Friday, June 30, 2000

May & June 2000

The (non) Equivocation of Philosophy and House Chores. I let the many moons pass without having a single sentence written. My will to write was wearied and enfeebled by the playstation, my alcoholism and house chores. I begin to understand, almost just now, how to spell the difference between

scrubbing bathroom tiles
accounting money for the store
paying house bills

and

the more ponderous existential dilemma
the destruction of society through language
the aesthetic pleasures of literature and art.

I begin to wonder what should be of prime importance to people. What is my first obligation? Is it to help with house chores or to read my books and write? Time is loyal only to one master. Most of my time serves my desire to drink. We’ve spent all summer in a perpetual hangover with a lot of pizza, tuna sky flakes and tomatoes with salted eggs. We had the grandest time as we laughed like madmen, slept like babies, and did the chores. There are chores, a bottomless well of booze but a scarcity of personal space. My rusting creativity has been paused by this lull of events which prevented me from creating metaphors.
Sometimes, I sought solace and found it. Late afternoons are crowned glorious during May in my mother’s sala. I’m glad to have solace rest in my arms right now. I am here in the room upstairs while the early evening was doused in depressing purple shadows. My ears are clogged with phones playing Pablo Neruda’s poetry. I also immerse myself in the gratifying idea of my parents travelling across the pacific. My cousin just sent an email with a picture of them dancing. I never saw my parents dance. The joy my parents have are never are never artificial, and because of that, so is mine.

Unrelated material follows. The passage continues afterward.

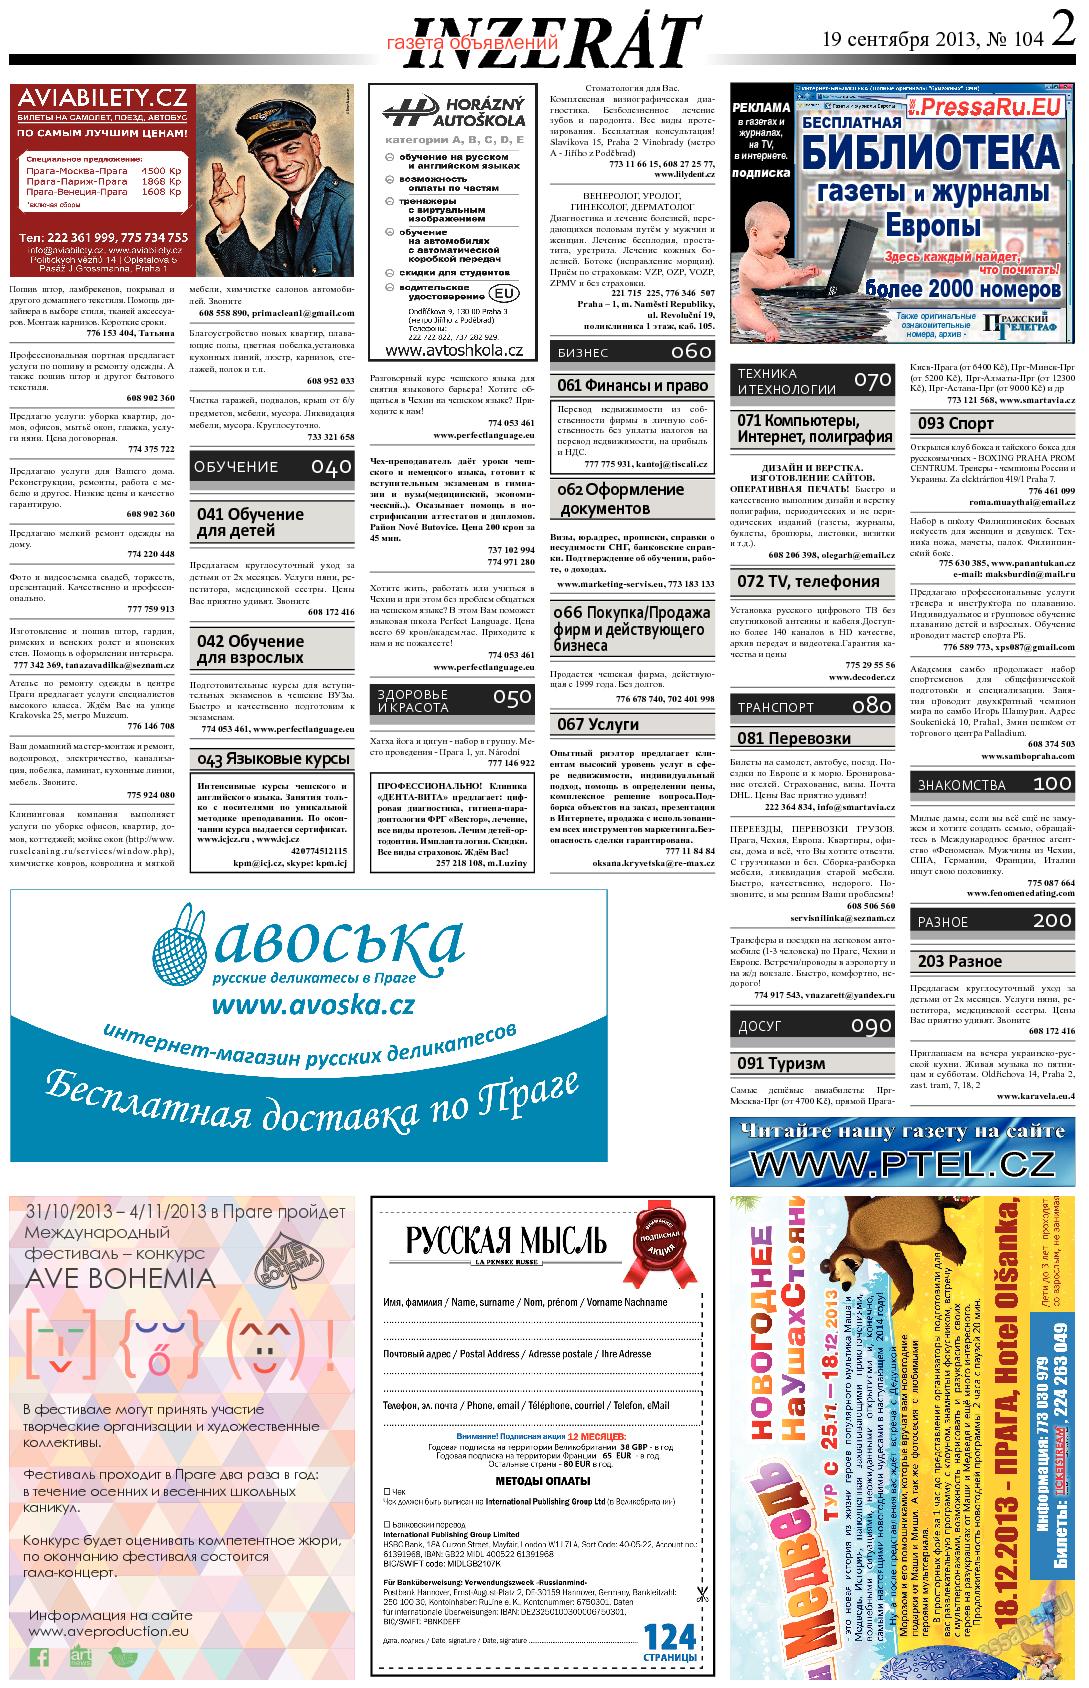 Кубана знакомства газета
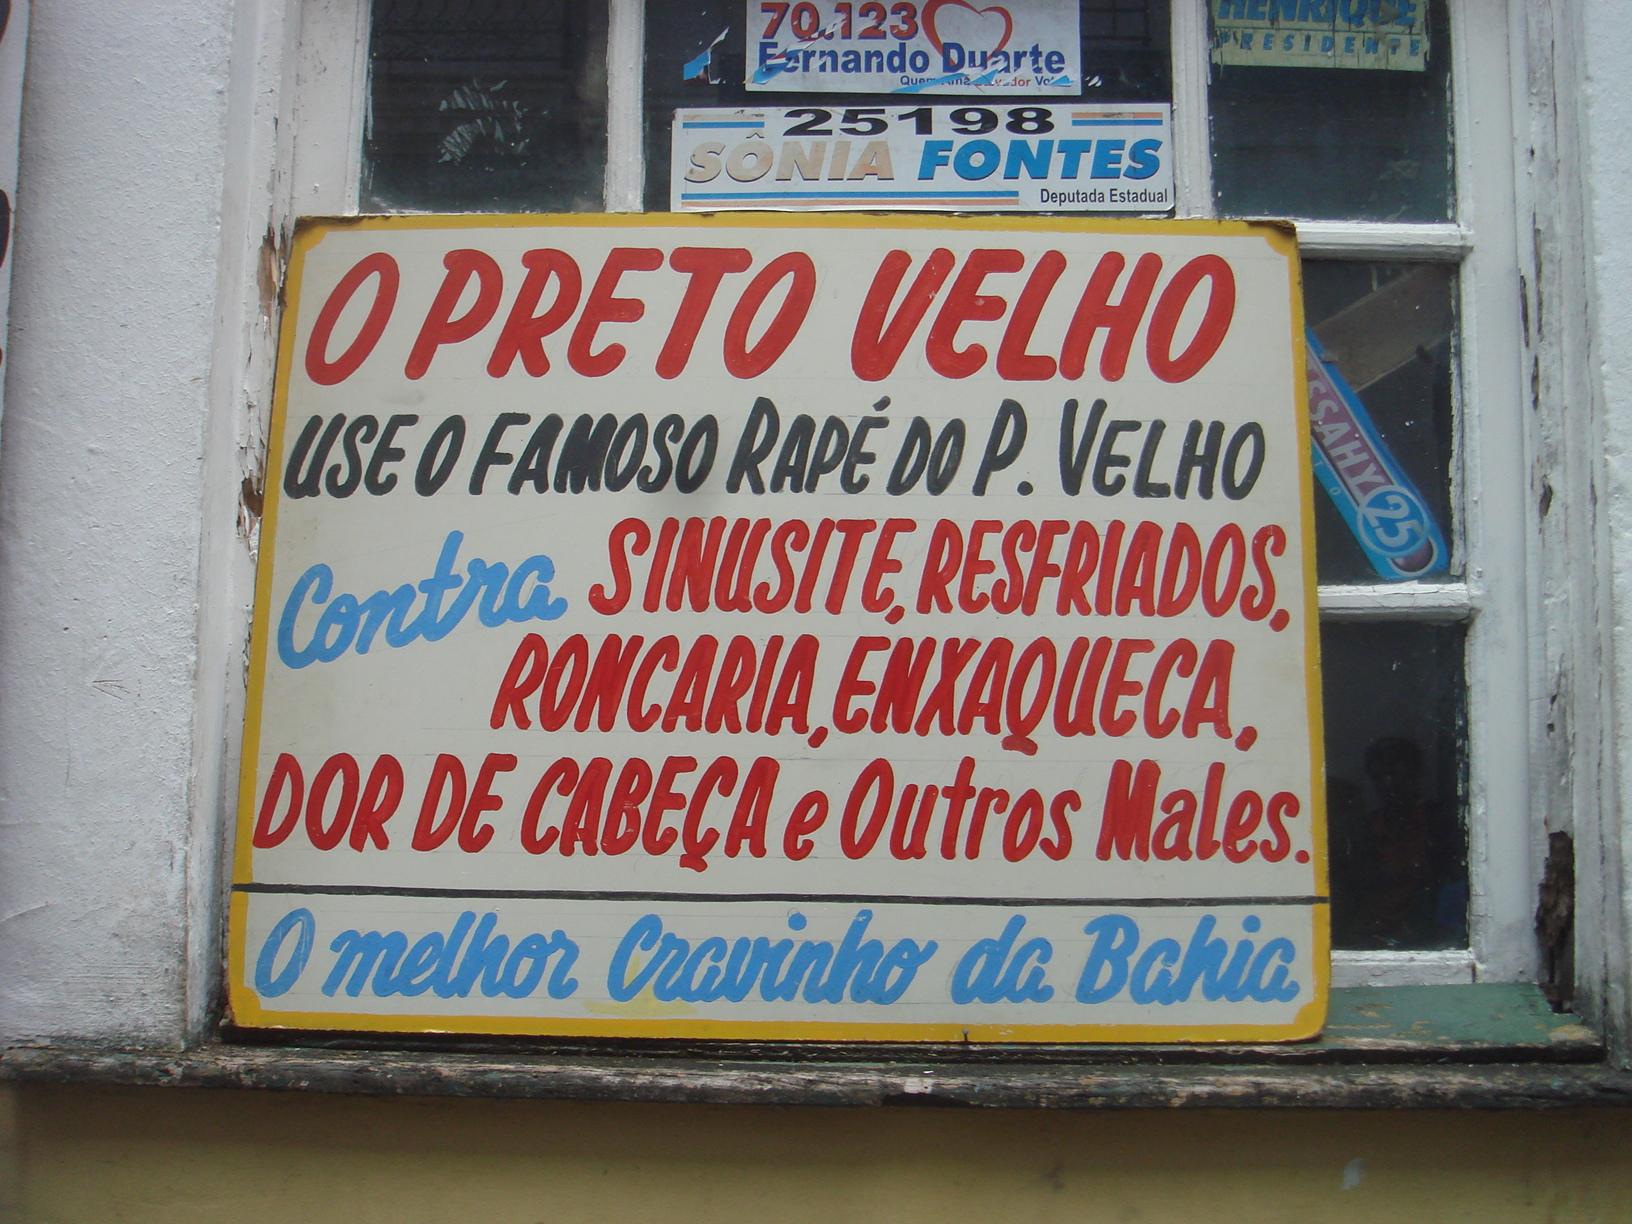 iG Colunistas – Blog do Curioso, por Marcelo Duarte - » Está ...

The university used to cater a big buffet of intellectual appetite. I’ve now become anorexic to that appetite. Except, perhaps, English Lit with Marj Evasco. Her lectures are so pleasing to hear they’re like silver bells in your ears. While I thought I wrote a good paper or two in that class I often wish I can respond better to the lectures. I feel like I’m losing my gab. What worries me even more is the important task of being to say something unique.